R/dig_contrasts.R
In nuggets: Extensible Data Pattern Searching Framework

Documented in dig_contrasts

#' Search for paired contrast patterns
#'
#' @description
#' `r lifecycle::badge("deprecated")`
#'
#' Contrast patterns are a generalization of association rules that allow
#' for the specification of a condition under which there is a significant
#' difference in some statistical feature between two numeric variables.
#'
#' \describe{
#'   \item{Scheme:}{`theta(xvar) >> theta(yvar) | C`\cr\cr
#'     The feature `theta` of the first variable `xvar` is significantly higher
#'     than the feature `theta` of the second variable `yvar` under the
#'     condition `C`.}
#'   \item{Example:}{`mean(daily_ice_cream_income) >> mean(daily_tea_income) | sunny`\cr\cr
#'     The *mean* of *daily ice-cream income* is significantly higher than
#'     the *mean* of *daily tea income* under the condition of *sunny weather*.}
#' }
#'
#' The contrast is computed using
#' a statistical test, which is specified by the `method` argument. The
#' function computes the contrast between all pairs of variables, where the
#' first variable is specified by the `xvars` argument and the second variable
#' is specified by the `yvars` argument. The contrast is computed in sub-data
#' corresponding to conditions generated from the `condition` columns.
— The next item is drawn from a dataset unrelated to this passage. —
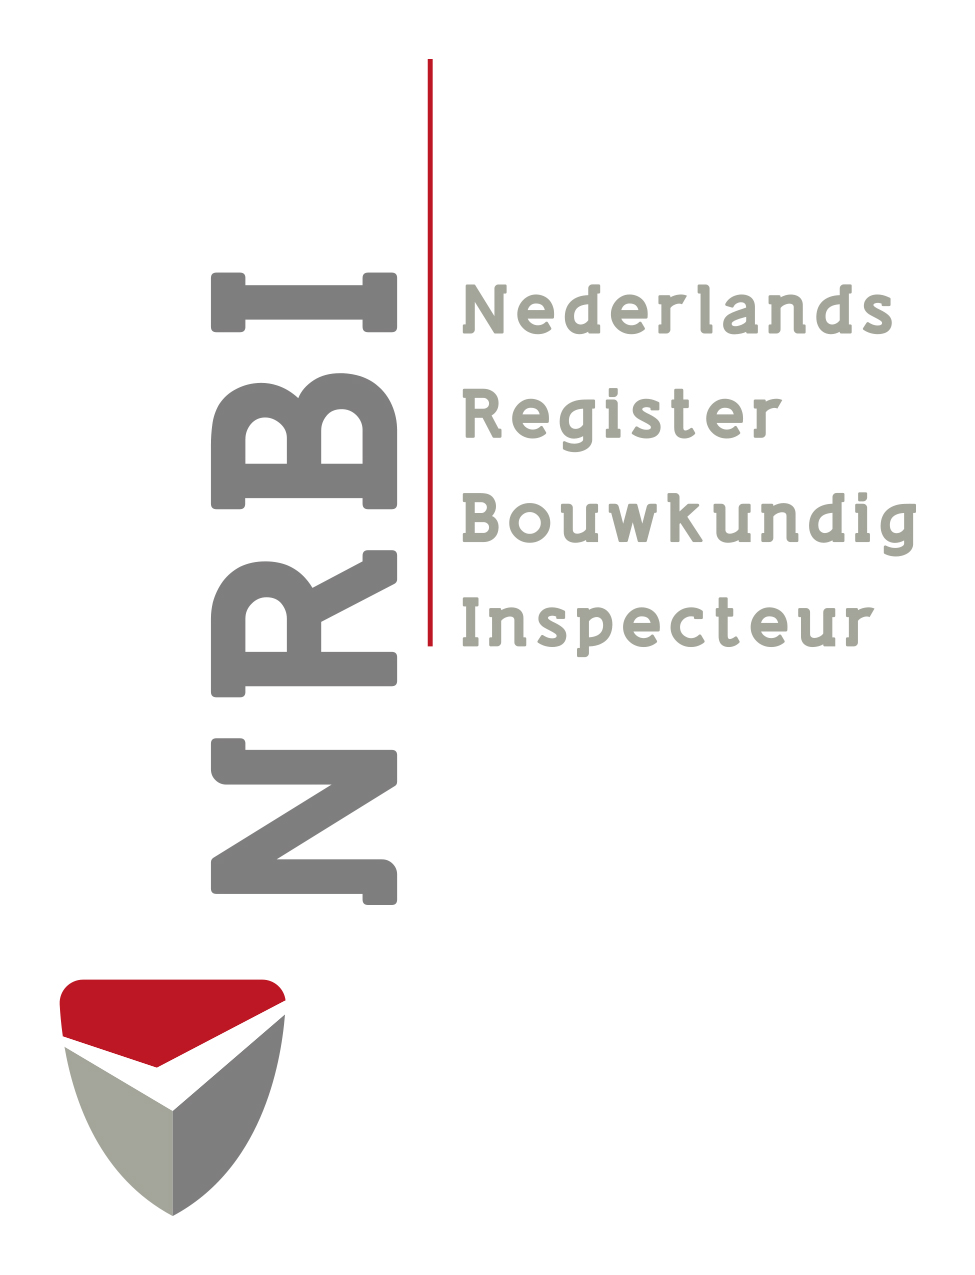 Samenwerking met online expertise register Nederlands Register bouwkundig inspecteurs NRBI

The
#' `dig_contrasts()` function supports crisp conditions only, i.e., the
#' condition columns must be logical.
#'
#' @param x a matrix or data frame with data to search in.
#' @param condition a tidyselect expression (see
#'      [tidyselect syntax](https://tidyselect.r-lib.org/articles/syntax.html))
#'      specifying the columns to use as condition predicates
#' @param xvars a tidyselect expression (see
#'      [tidyselect syntax](https://tidyselect.r-lib.org/articles/syntax.html))
#'      specifying the columns to use for computation of contrasts
#' @param yvars a tidyselect expression (see
#'      [tidyselect syntax](https://tidyselect.r-lib.org/articles/syntax.html))
#'      specifying the columns to use for computation of contrasts
#' @param method a character string indicating which contrast to compute.
#'      One of `"t"`, `"wilcox"`, or `"var"`. `"t"` (resp. `"wilcos"`) compute
#'      a parametric (resp. non-parametric) test on equality in position, and
#'      `"var"` performs the F-test on equality of variance.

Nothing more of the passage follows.